Investigation of Ovarian Cancer Associated Sialylation Changes in N-linked Glycopeptides by Quantitative Proteomics

V Shetty, J Hafner, P Shah, Z Nickens, and R Philip
Immunotope, Inc., Doylestown, Pennsylvania, USA
Clinical Proteomics 9:10 (2012) doi:10.1186/1559-0275-9-10.

CA125 is currently used as a biomarker for ovarian cancer, but is ineffective for detection of early stage disease. Previous research indicates that the level of sialic acid in total serum of ovarian cancer patients is elevated.
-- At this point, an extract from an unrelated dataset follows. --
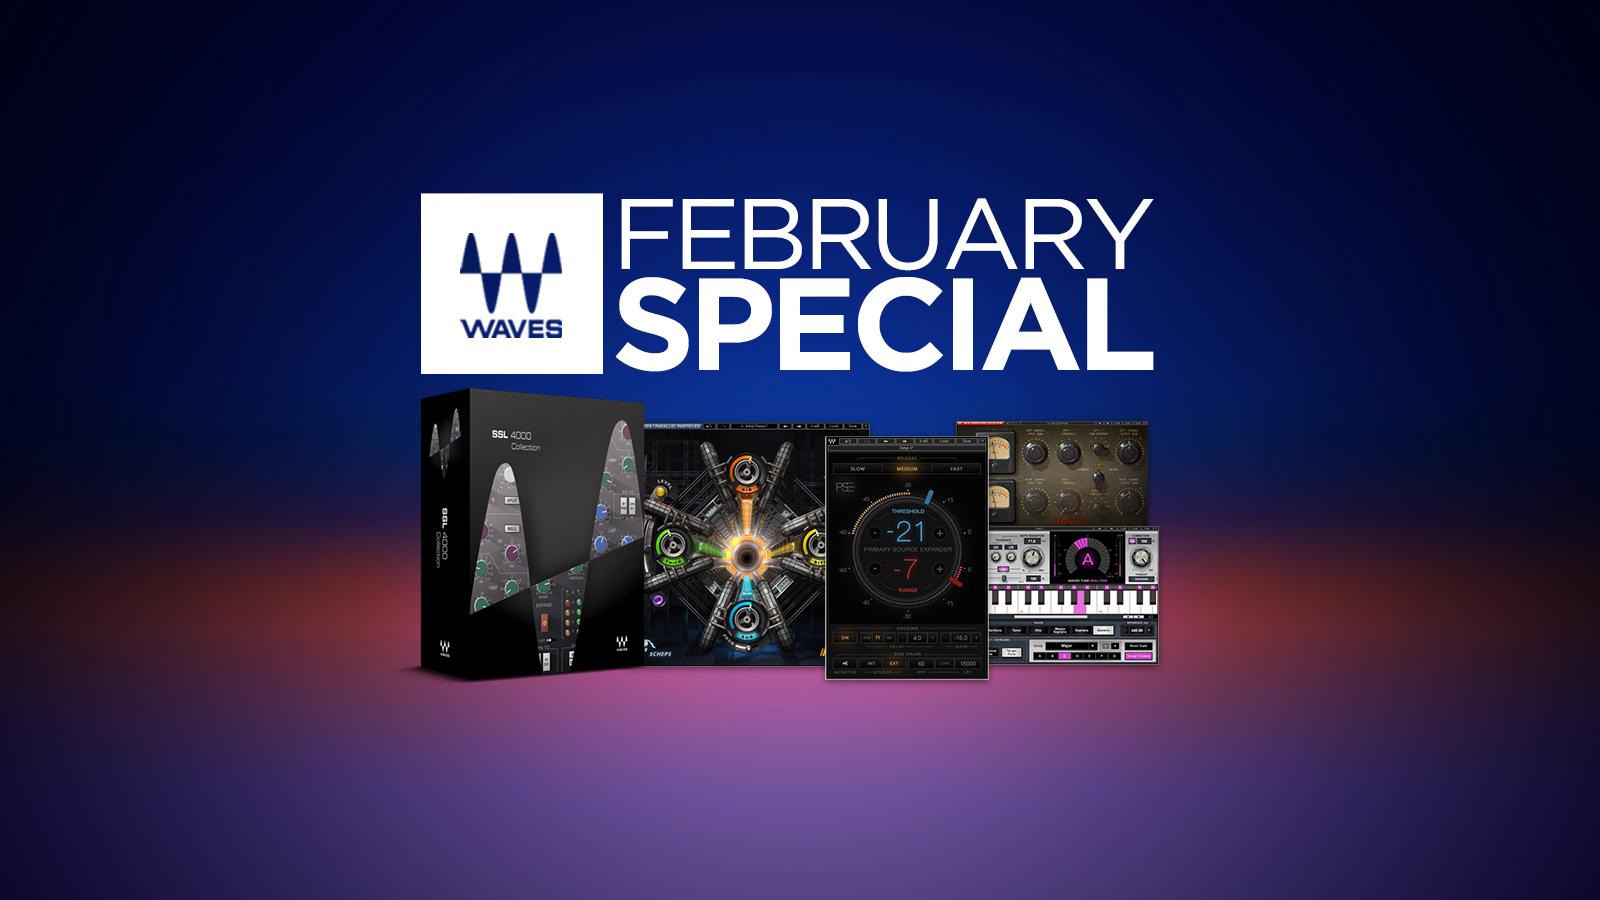 2月のWavesプロモーションにHorizon 108,000円ほか、日本限定特価を追加!

Based on that idea, the authors suggest using N-linked sialyated glycopeptides as potential targets for early stage ovarian cancer biomarker discovery.

Shetty et al. used Lectin-directed Tandem Lableing (LTL) and iTRAQ quantitative proteomics to investigate N-linked sialyated glycopeptides, and identified 10 that were up-regulated in serum from ovarian cancer patients. Quantitative Western blot analysis of lectin-enriched glycoproteins (Odyssey Imager) was used to confirm the proteomic analysis. In ovarian cancer, increased sialylation of haptoglobin, PON1, and Zinc-alpha-2-glycoprotein was observed. Cancer-specific sialylation of glycopeptides may be a target for biomarker discovery.